According to AAR’s monthly ‘Rail Time Indicators’ report, intermodal traffic in May increased 7.5% for a total of 932,956 trailers and containers compared with May 2010. On a seasonally adjusted basis, carloads were flat and intermodal was up 0.8% over April 2011.
May saw the 18th straight month of intermodal gains, and May’s weekly average of 233,239 is the second highest May average on record.
The gains in intermodal can be attributed to several factors including growing international trade, better service, large investments in infrastructure and equipment by railroad companies, fuel costs, highway congestion and truck driver shortages, and the conversion of boxcar traffic.
Looking further at the import and export commodities, ‘big box’ retailers dominate intermodal container imports while recycled paper, scrap materials, and chemicals dominate container exports.
Railroads also continued employ, with April seeing the addition of 935 freight rail employees, bringing the Class I freight railroad employee total to 156,777 employees nationwide.
“For the second month in a row, rail intermodal traffic was great, while carload traffic left something to be desired,” said AAR Senior Vice President John T. Gray.
“Like other national indicators, rail traffic reflects a degree of uncertainty regarding the direction of the economy. Railroads join everyone else in hoping current trends are just a bump in the road rather than a portent of things to come.”
Overall, 8 of 20 commodity categories saw carload gains on U.S. railroads in May 2011 compared with May 2010.

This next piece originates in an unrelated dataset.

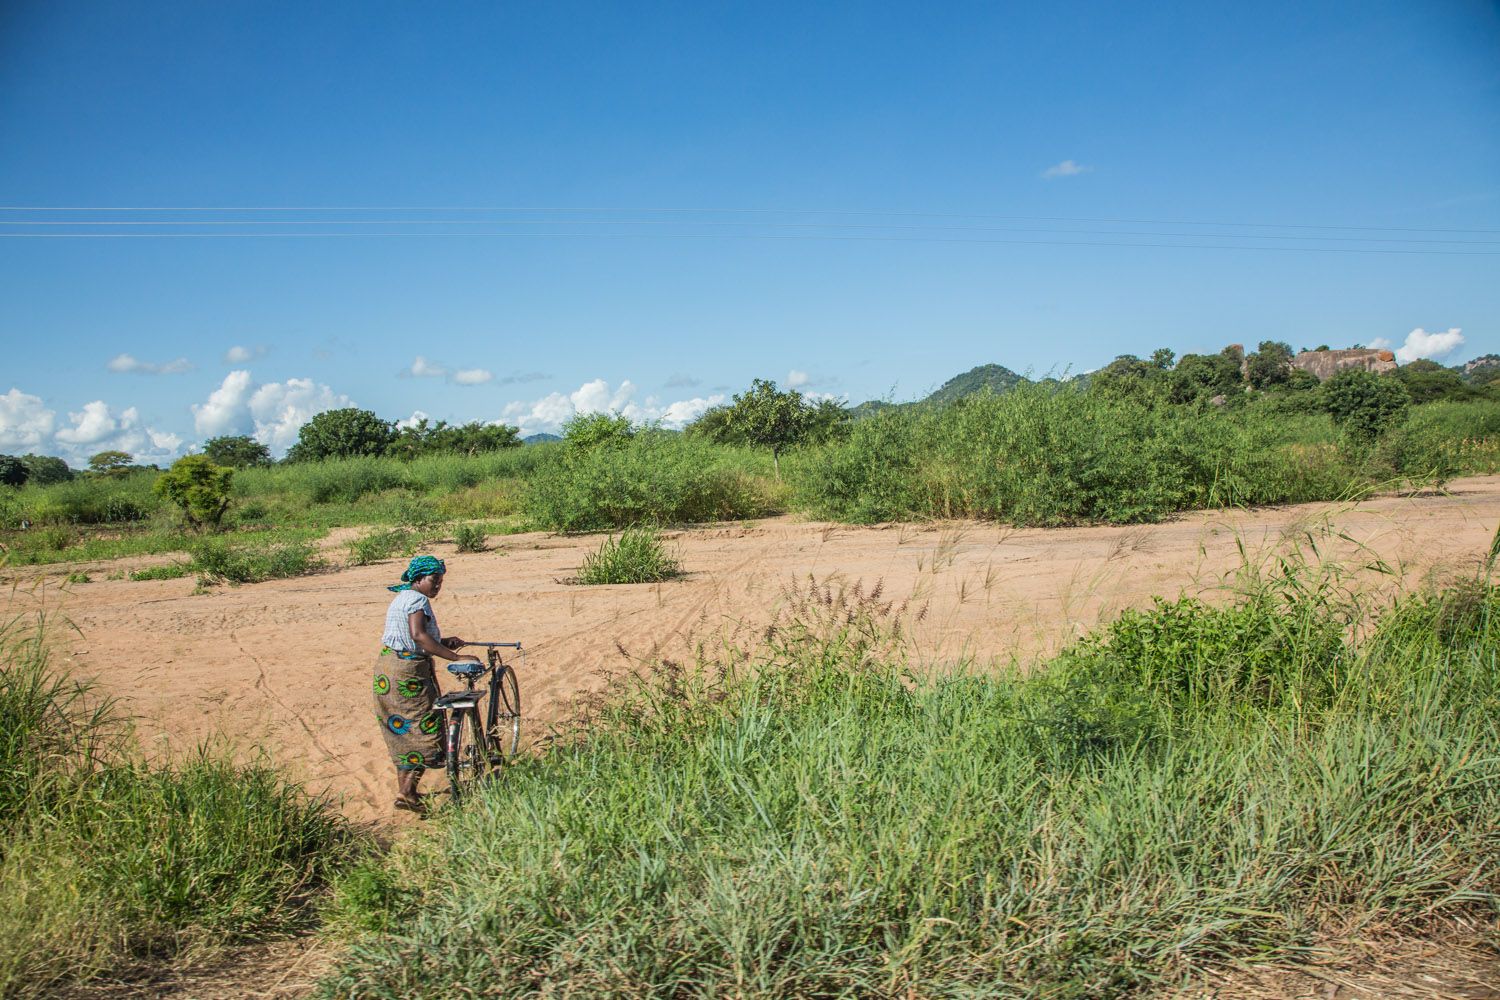 Due to high population growth, rapid deforestation and widespread soil erosion, Malawi's agriculture is particularly vulnerable to climate change. Image by Nathalie Bertrams. Malawi, 2017.

Traffic gains were led by metallic ores, up 17.6%; grain, up 16.3% and chemicals, up 4.1%.
Commodity groups with declines included: waste and non-ferrous scrap, down 16%; nonmetallic minerals, down 11.5%, and coal, down 1.8%.
The Rail Time Indicators report combines rail traffic data with more than 15 key economic indicators (such as consumer confidence, housing starts, and industrial production) in a non-technical snapshot of the U.S. economy.
By assembling this information in a single place, and presenting rail traffic in the context of the broader economy, Rail Time Indicators provides a convenient, clear look at the key trends that can reveal where the economy — and, therefore, rail traffic — may be going.